** What you need to do **
Copy, from the listing, every line in which the string "Paul" is present.

** Supplied data **
[Start of Attachment]
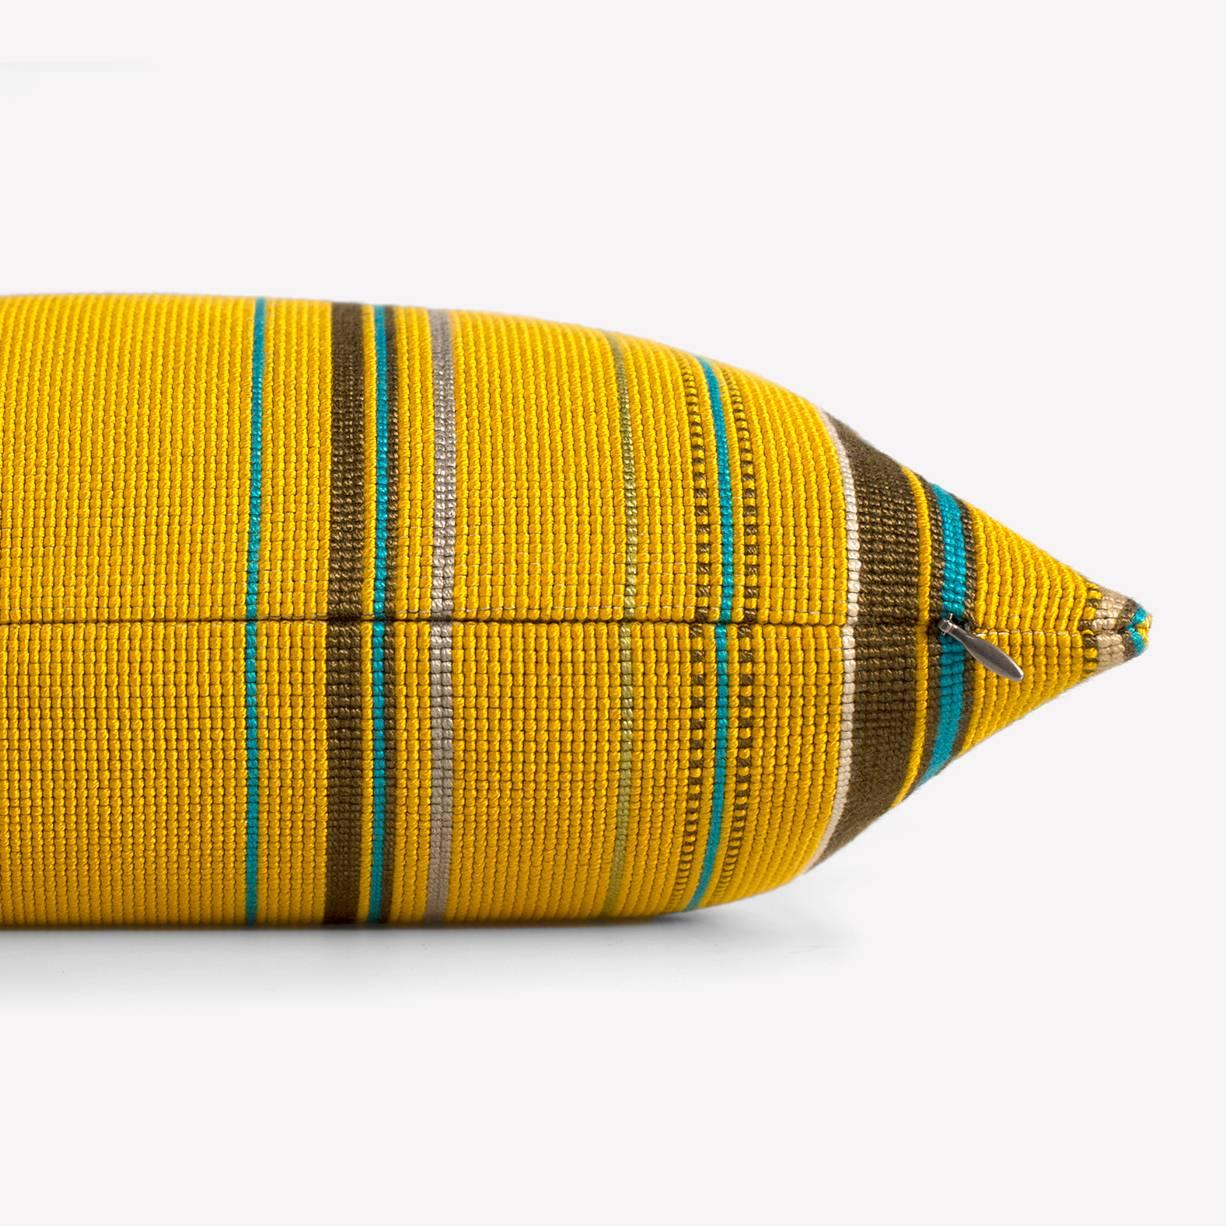 Maharam Pillow
Point by Paul Smith 
014 Citrus

A study in variegation, Point by Paul Smith explores scale, density, rhythm, color, and proportion in an imaginative display of British fashion. Created in collaboration with the Maharam Design studio,
[End of Attachment]
** Output below **
Point by Paul Smith 
A study in variegation, Point by Paul Smith explores scale, density, rhythm, color, and proportion in an imaginative display of British fashion. Created in collaboration with the Maharam Design studio,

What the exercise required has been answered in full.